= Classified Records =

US independent record label

Classified Records was an independent record label based in San Francisco, California, that released music by Jocelyn Enriquez, Pinay, Julie Plug, M:G, Drop 'n Harmony, as well as the Serenade compilation series. Founded by Kormann Roque, Noel Laxamana, Rino Que, and Elvin Reyes in 1993, the label was well known within the Filipino community since many staff members and recording artists were of Filipino descent.

== History ==

Classified Records' first release was the debut album by Jocelyn Enriquez, who became popular with her hit records "I've Been Thinking About You", "Do You Miss Me?", and "A Lil' Bit of Ecstasy" produced by Glenn Gutierrez. The label's other notable singles included "Is It Real" by Pinay along with "Sweet Honesty" and "What Do You Remember" by M:G, which also charted on Billboard magazine. R&B male group Drop N Harmony and alternative band Julie Plug rounded out their roster. Plug remains a legendary staple in the San Francisco indie band scene. Classified released three slow jam CDs called "Serenade" that featured slow jams by Filipino American artists across the globe that garnered a strong following from its Filipino American fanbase.

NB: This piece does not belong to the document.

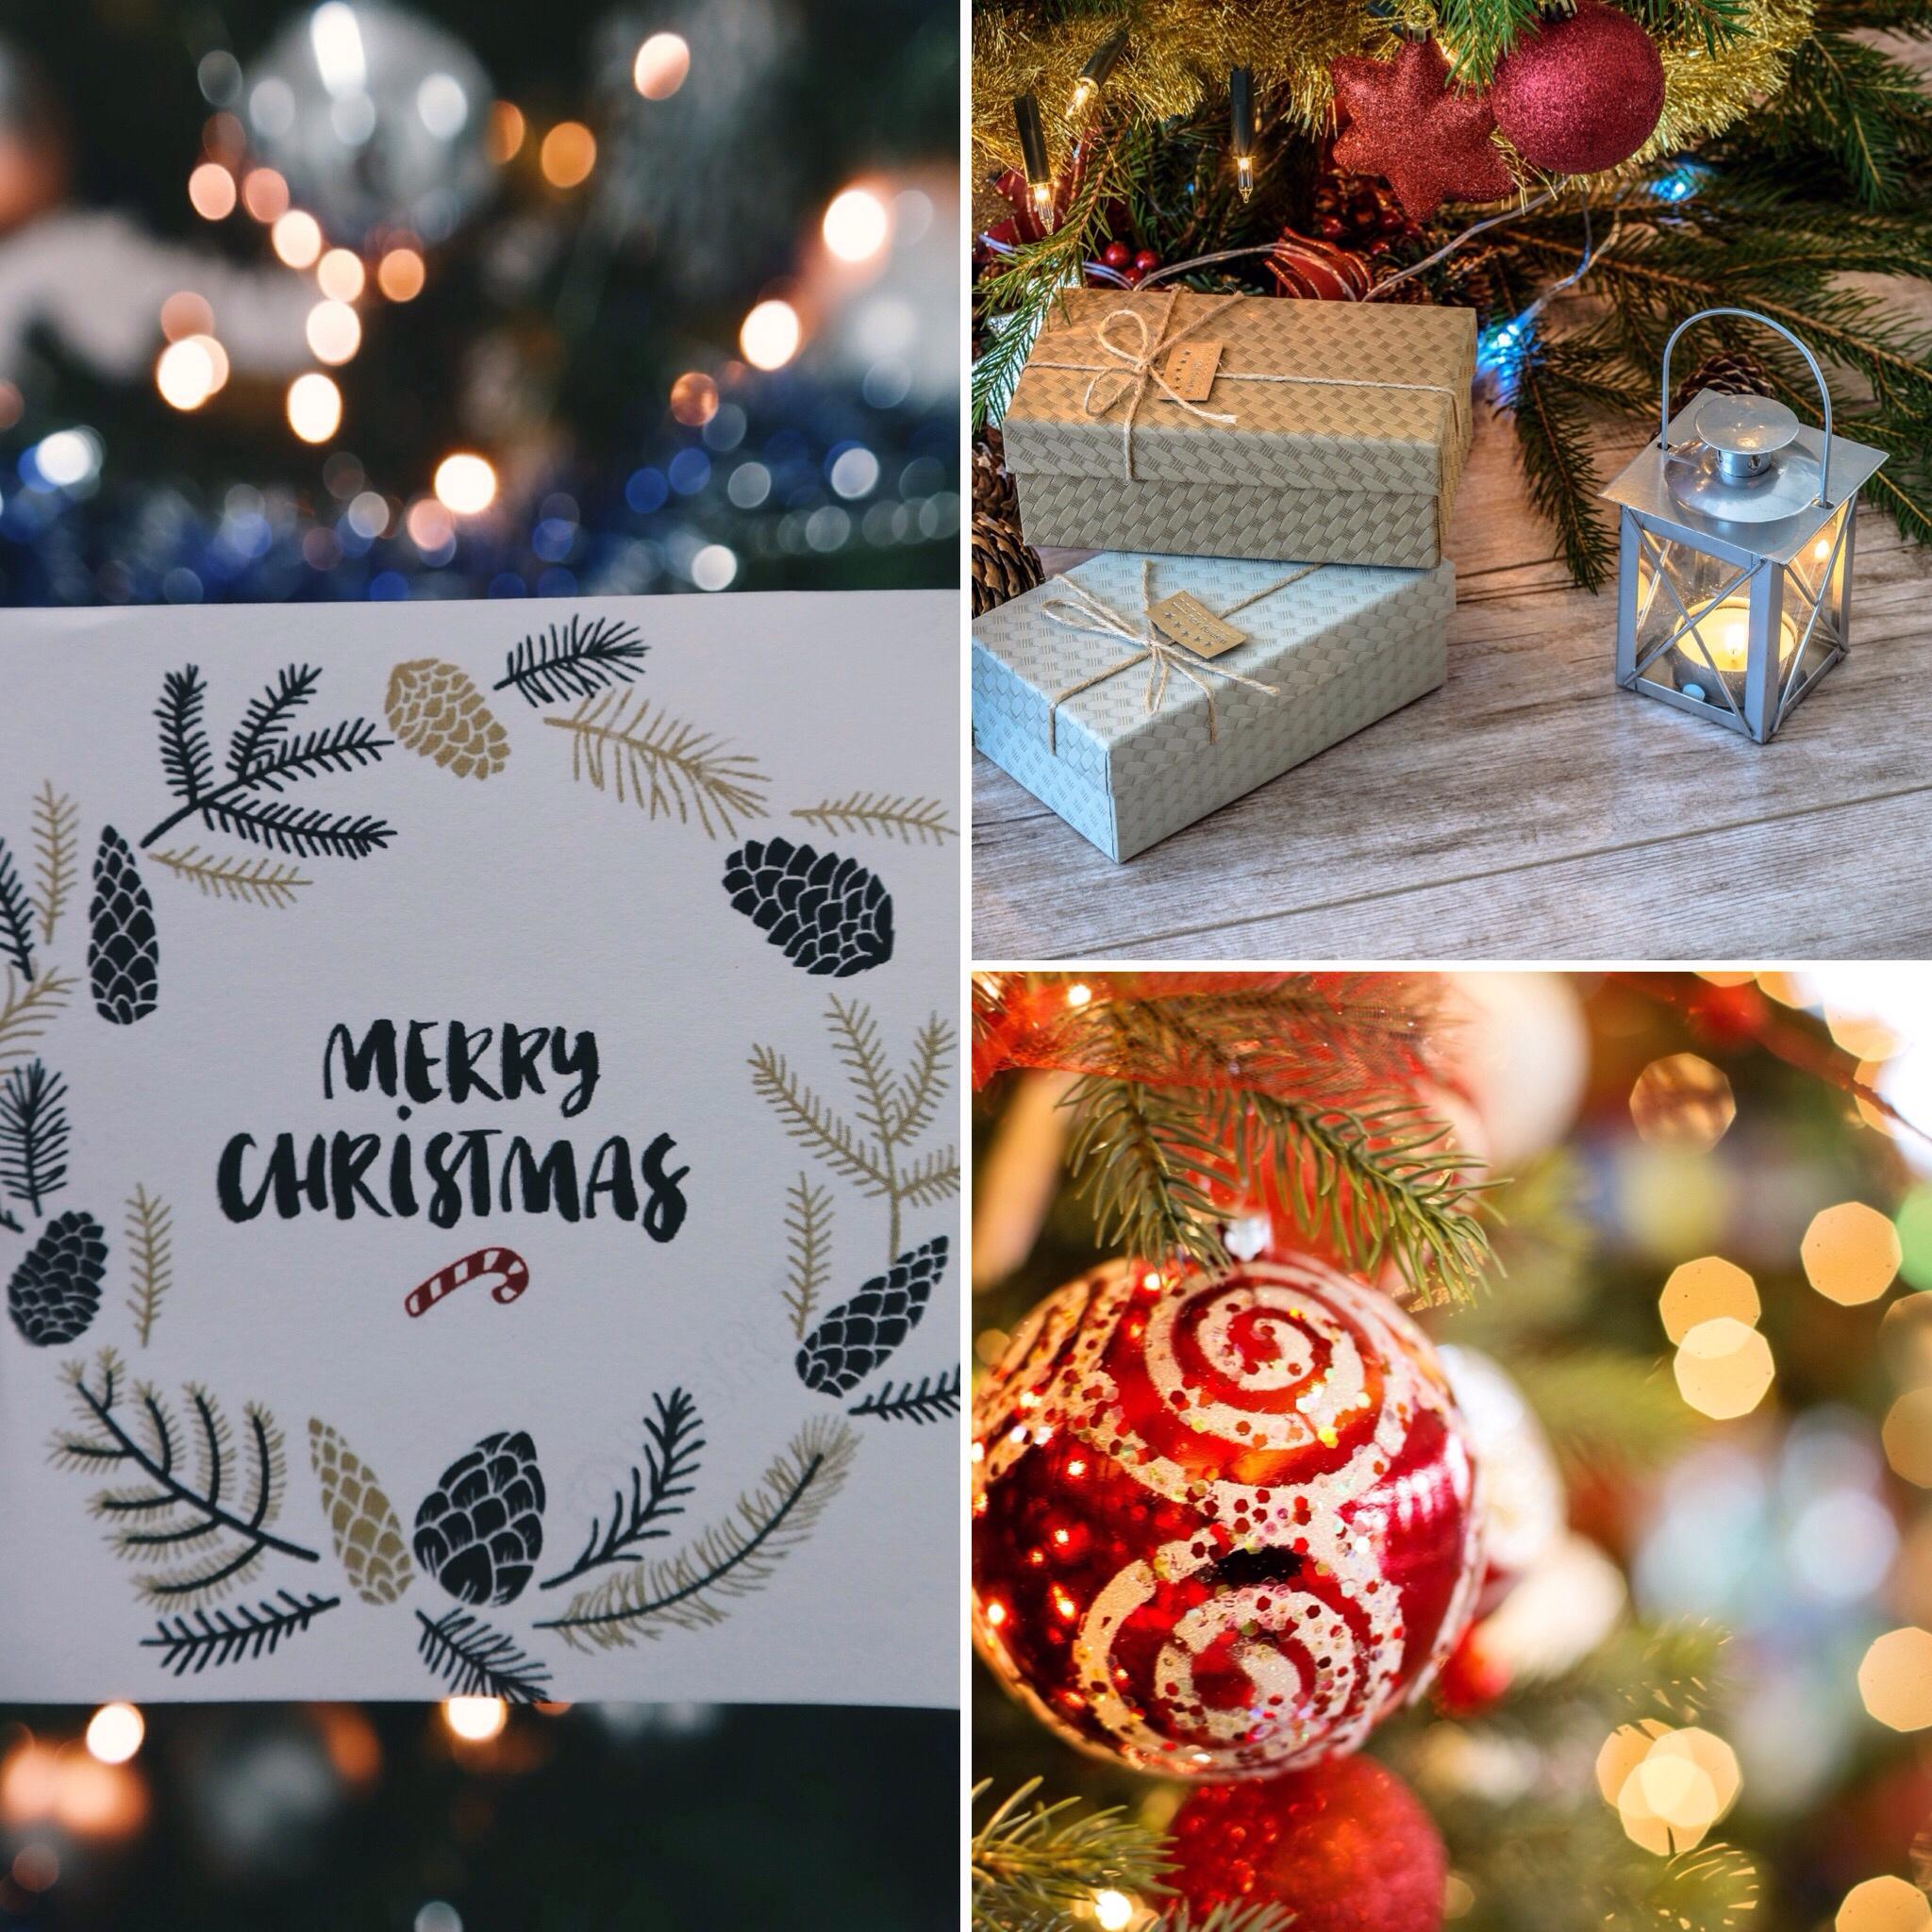 Ein frohes Weihnachtsfest!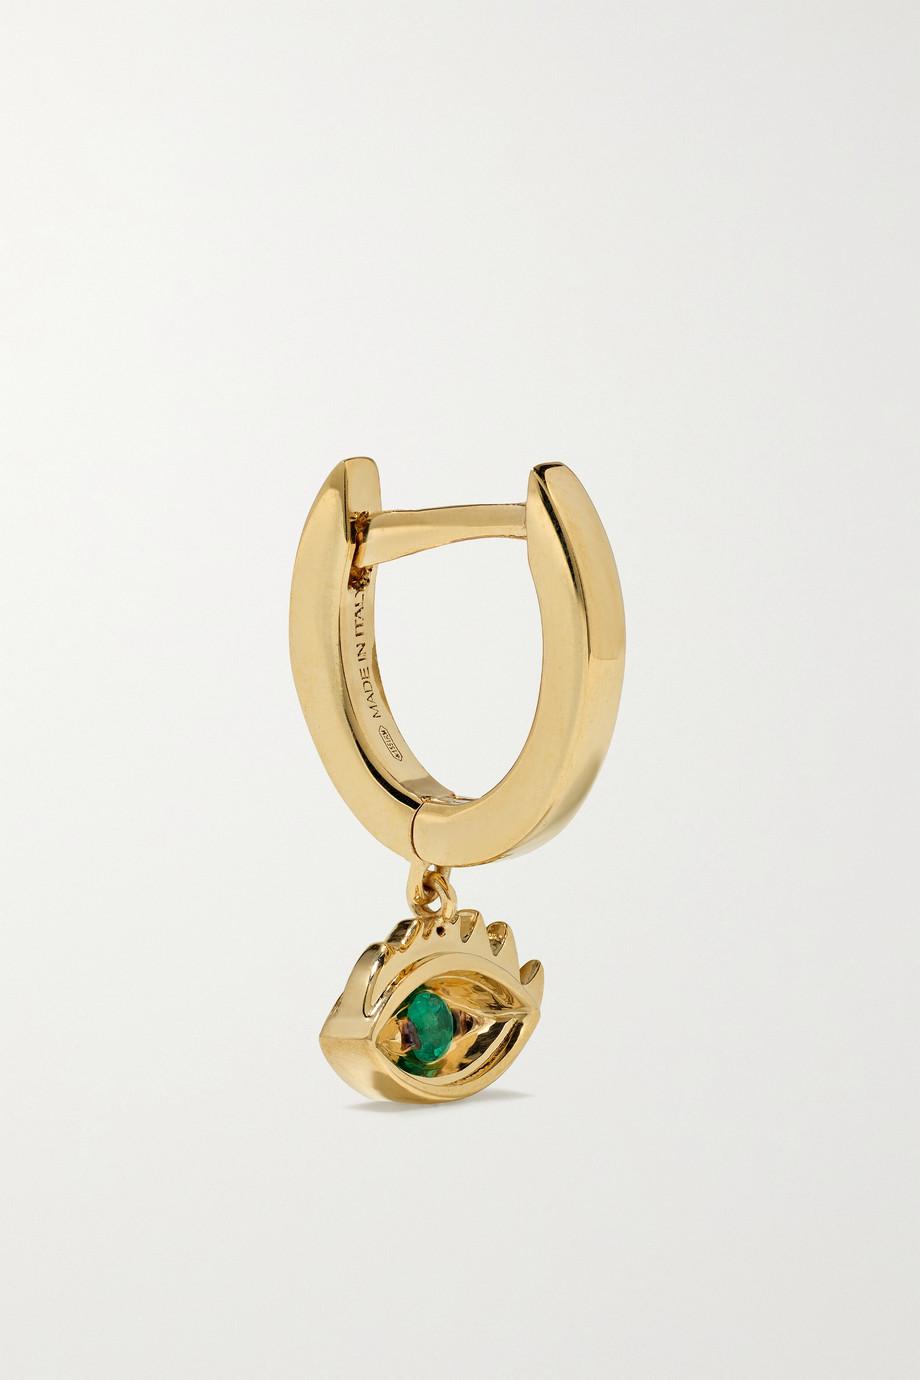 Delfina Delettrez Boucle d'oreille en or 18 carats et émeraudes

After a brief joint venture with Tommy Boy Records, the original Classified Records closed its doors in 2001 with a few Classified executives and producers starting their own indie labels. Producer/songwriters JP Nebres, Matt Villacarte, and Glenn Gutierrez partnered to form Planet Hype, releasing music by singer-songwriter Sharyn Maceren, Pinay, Ace High (a hip-hop trio that included Traxamillion), and Drop 'n Harmony (DnH). Planet Hype also provides mixing, mastering and production services as well as serving as a digital distribution solution for a number of independent artists, including American Idol contestants Todrick Hall, Charity Vance, and Sway Penala. Former Classified Records executive Reno Ursal started his own label, Rhythm Drive Records, releasing music by Malyssa and Alvendia. Ursal's Young Adult novel "Enlightenment" Book 1 of The Bathala Series was released in 2019 winning multiple literary awards.

In 2006, CJ Harris purchased the license to the name "Classified Records." The new incarnation of Classified Records is based in San Diego, California.